Data follows below. Repeat exactly the lines between the line holding "Jogging Trousers Monogram" and the line holding "Hidrógeno al poder: Toyota", inclusive, and nothing more; drop pictures.

◆ Input material ◆
..........

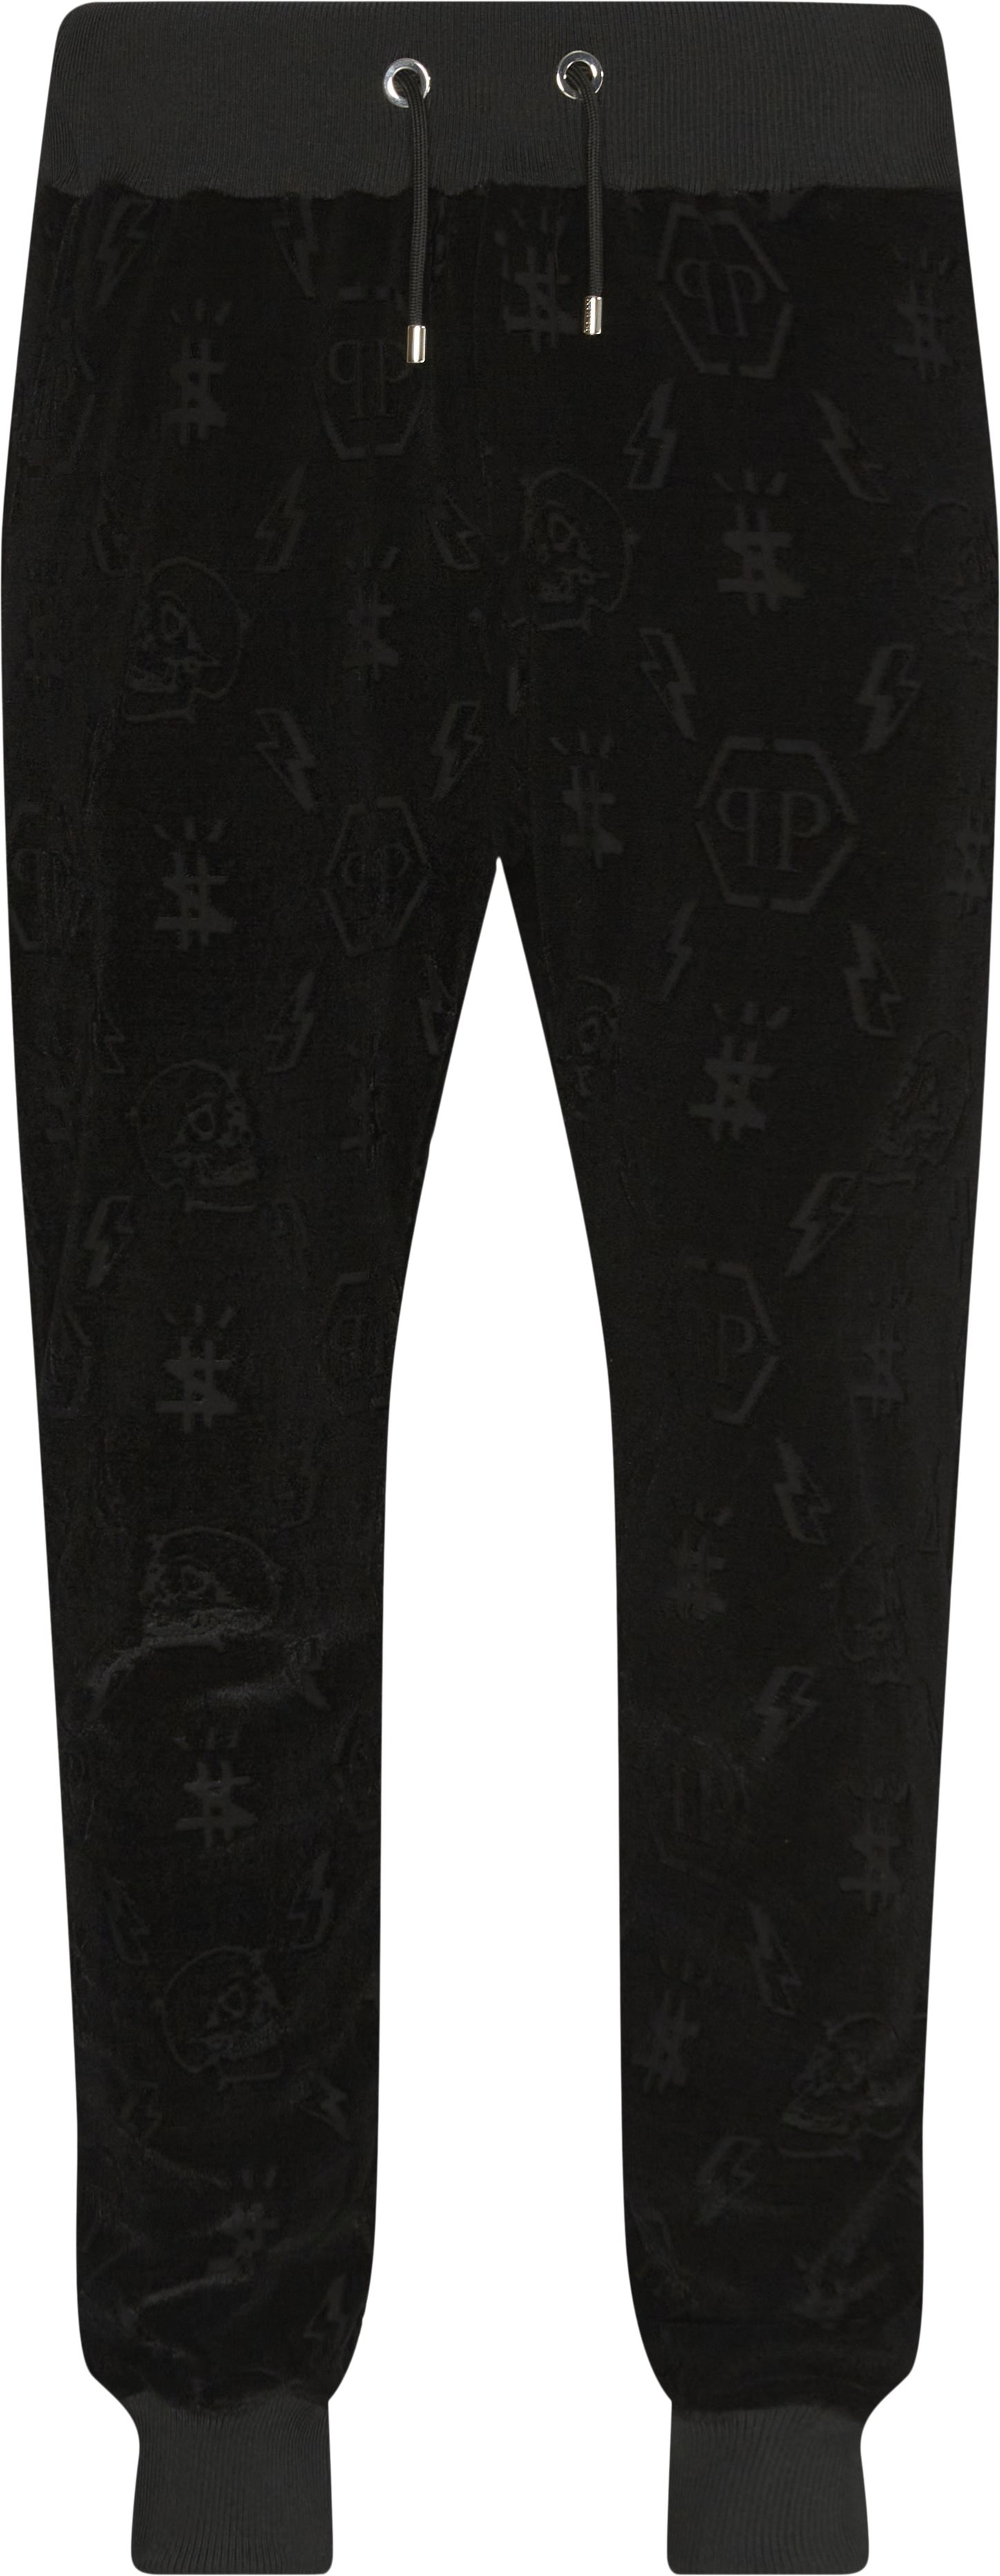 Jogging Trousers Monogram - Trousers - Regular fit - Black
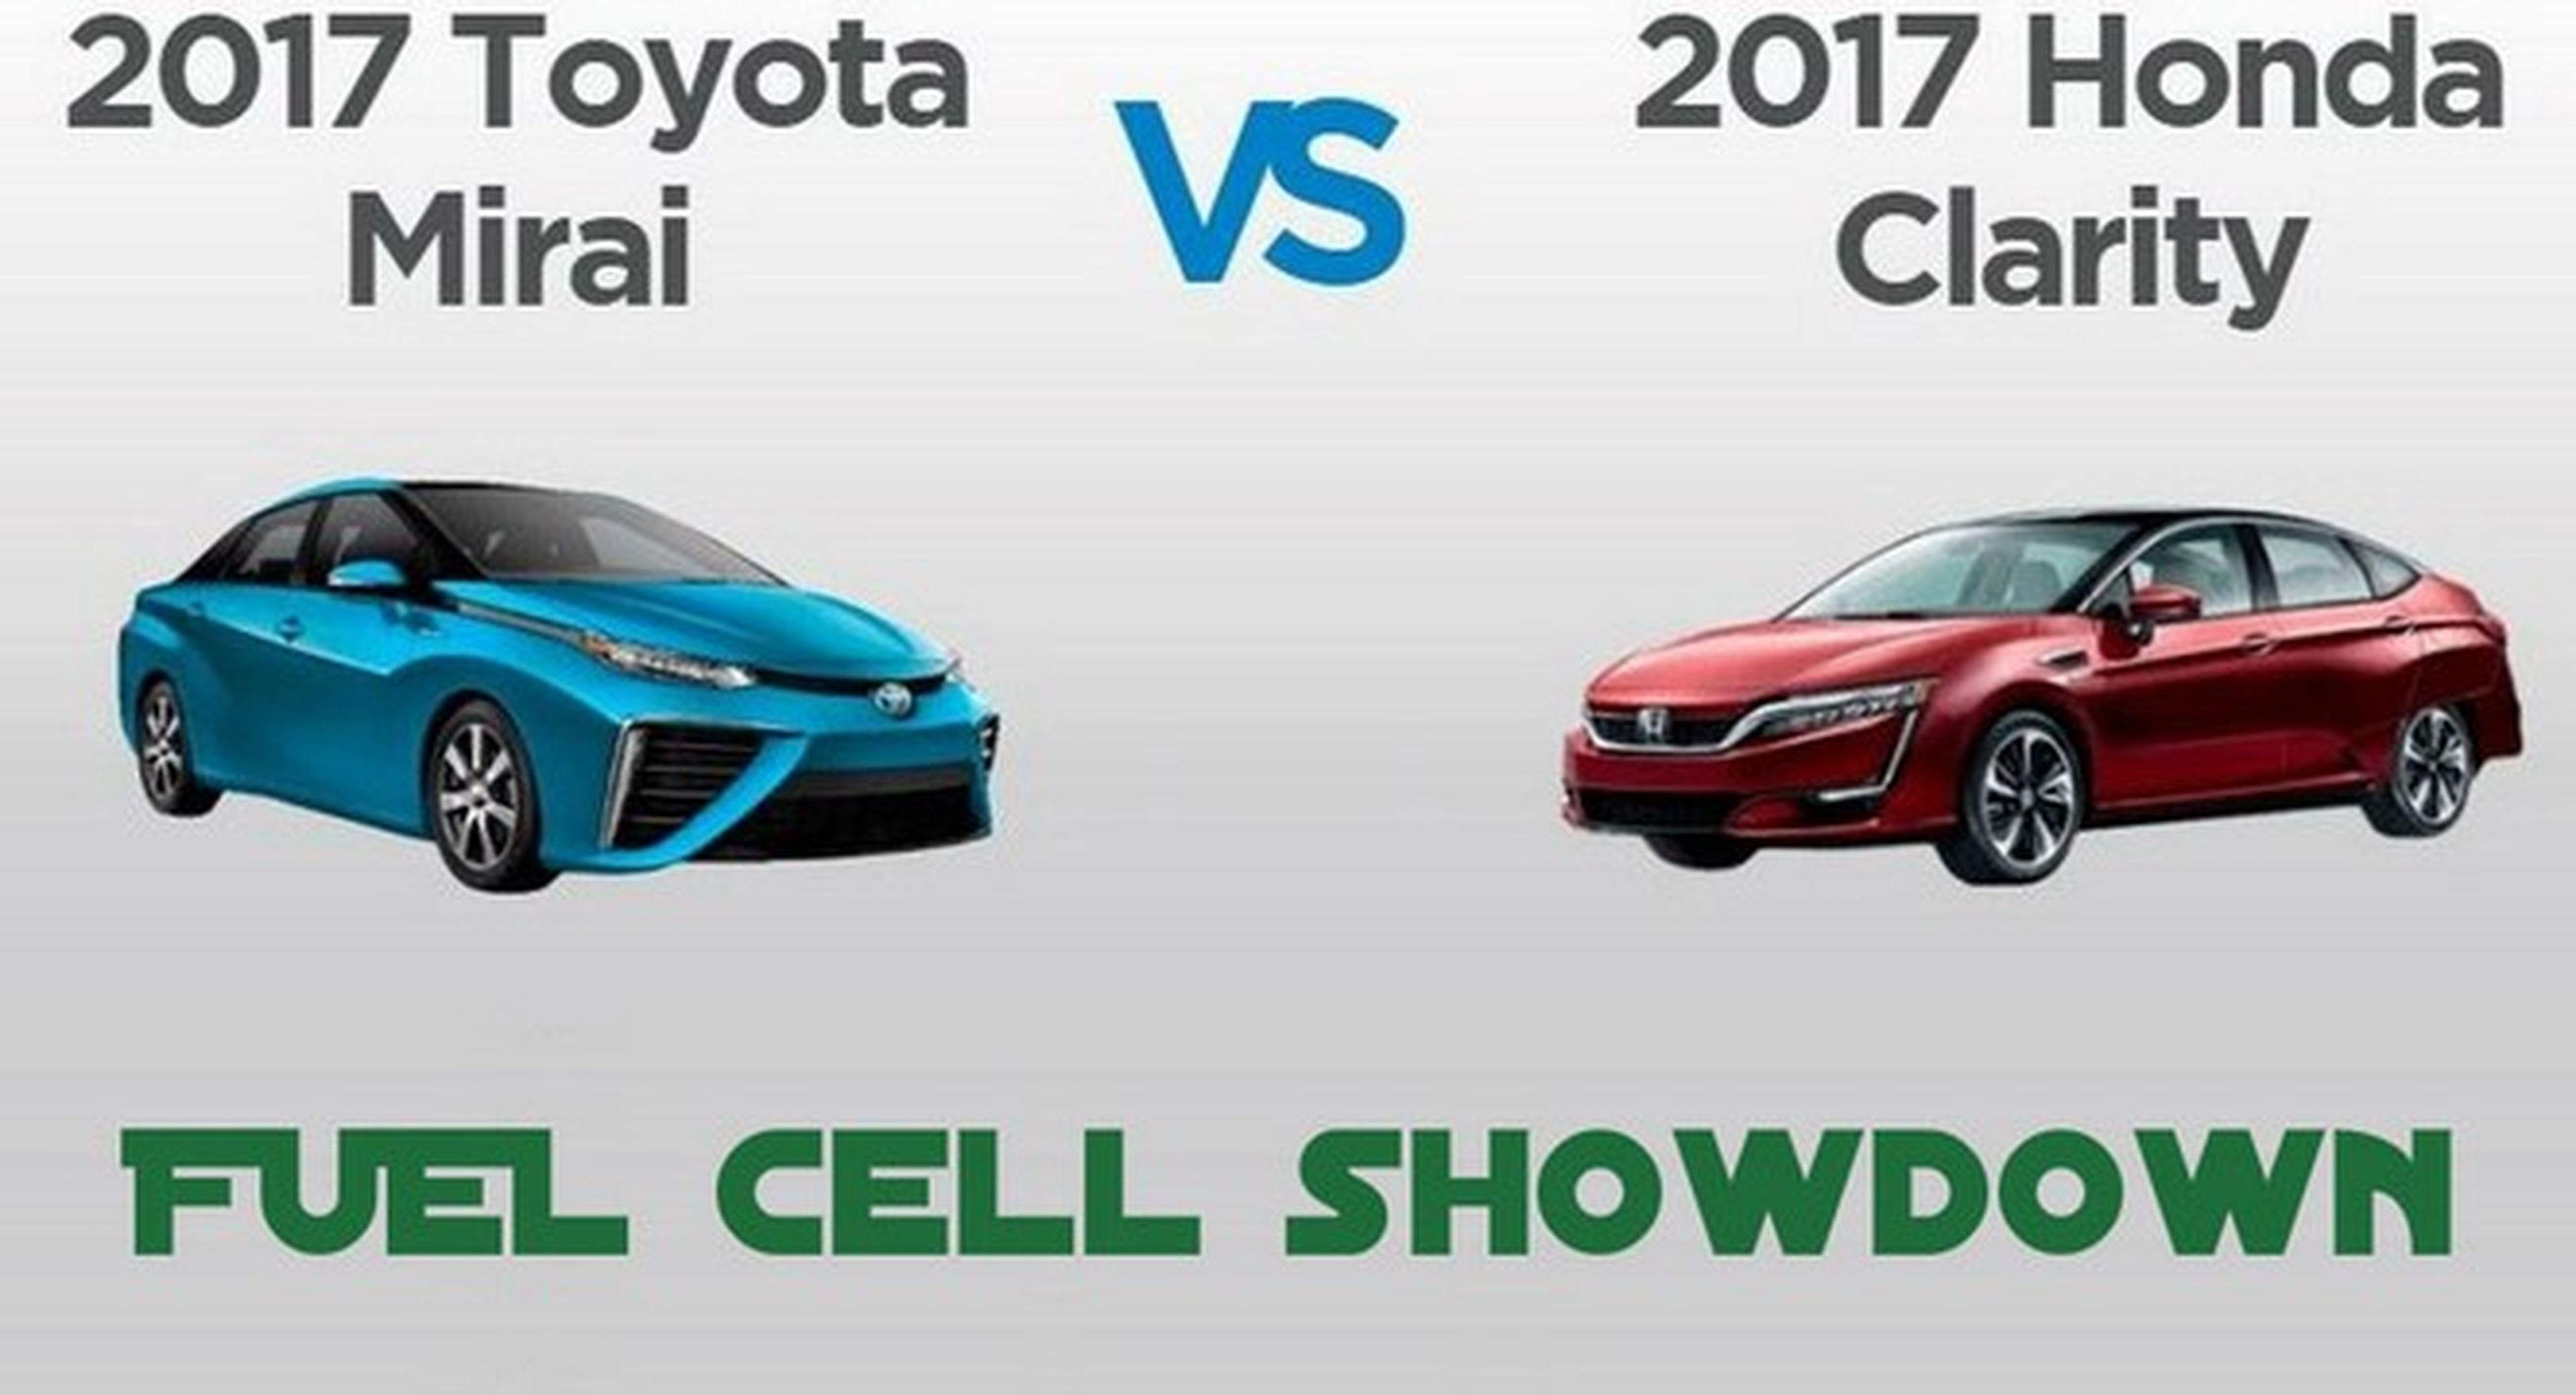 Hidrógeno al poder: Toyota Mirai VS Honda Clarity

..........

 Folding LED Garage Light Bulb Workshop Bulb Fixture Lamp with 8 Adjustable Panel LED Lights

..........

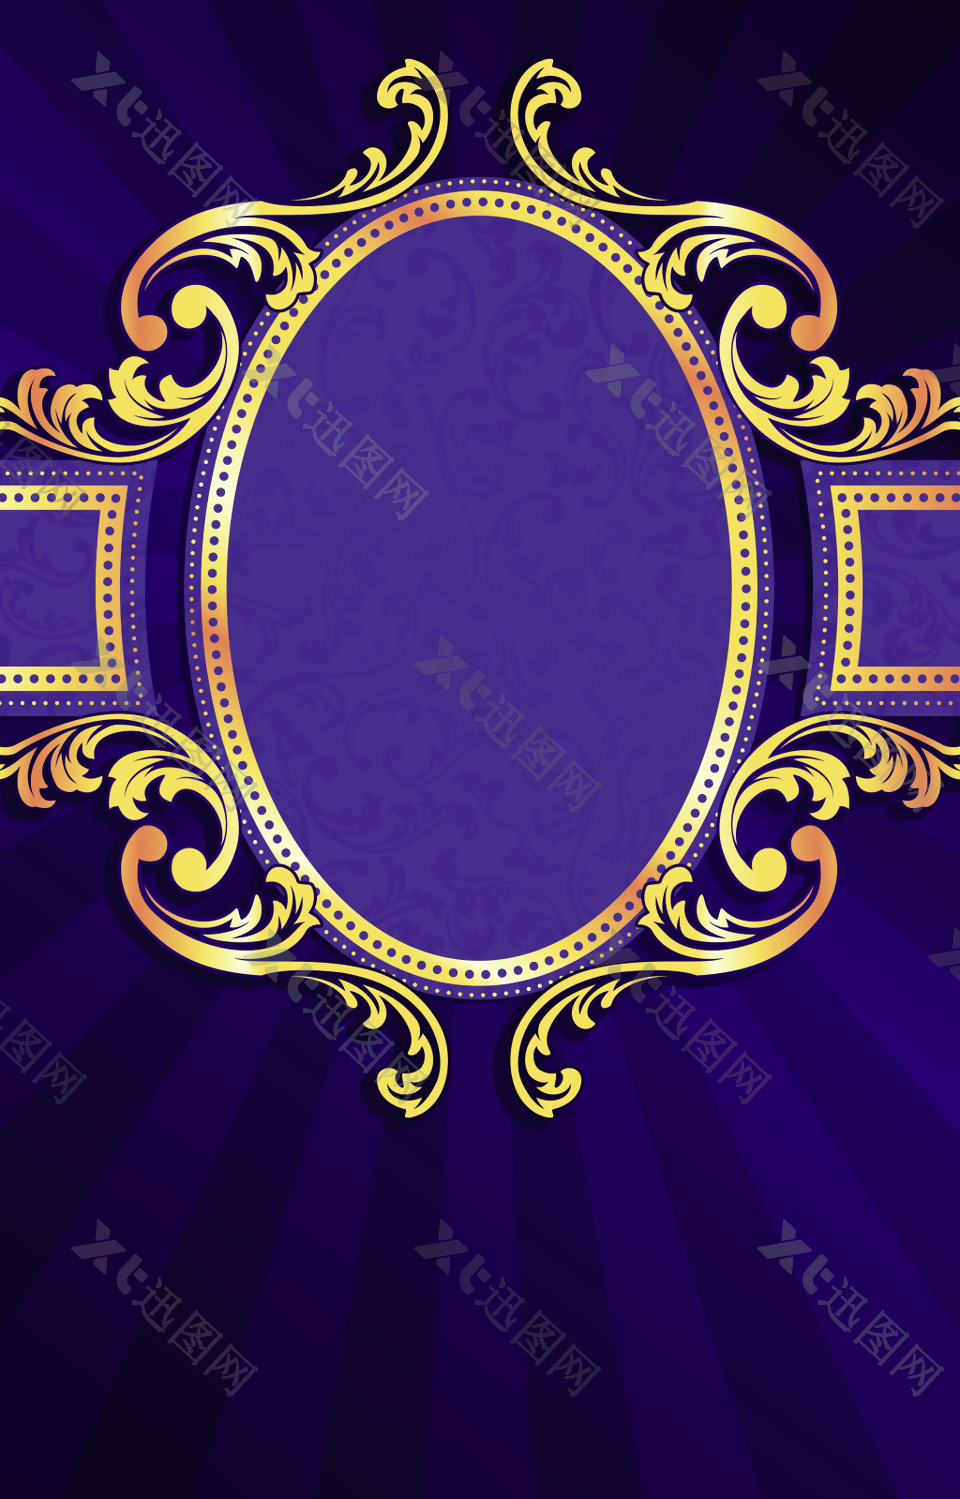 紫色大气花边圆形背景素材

..........

◆ Solution below ◆
 Jogging Trousers Monogram - Trousers - Regular fit - Black
 Hidrógeno al poder: Toyota Mirai VS Honda Clarity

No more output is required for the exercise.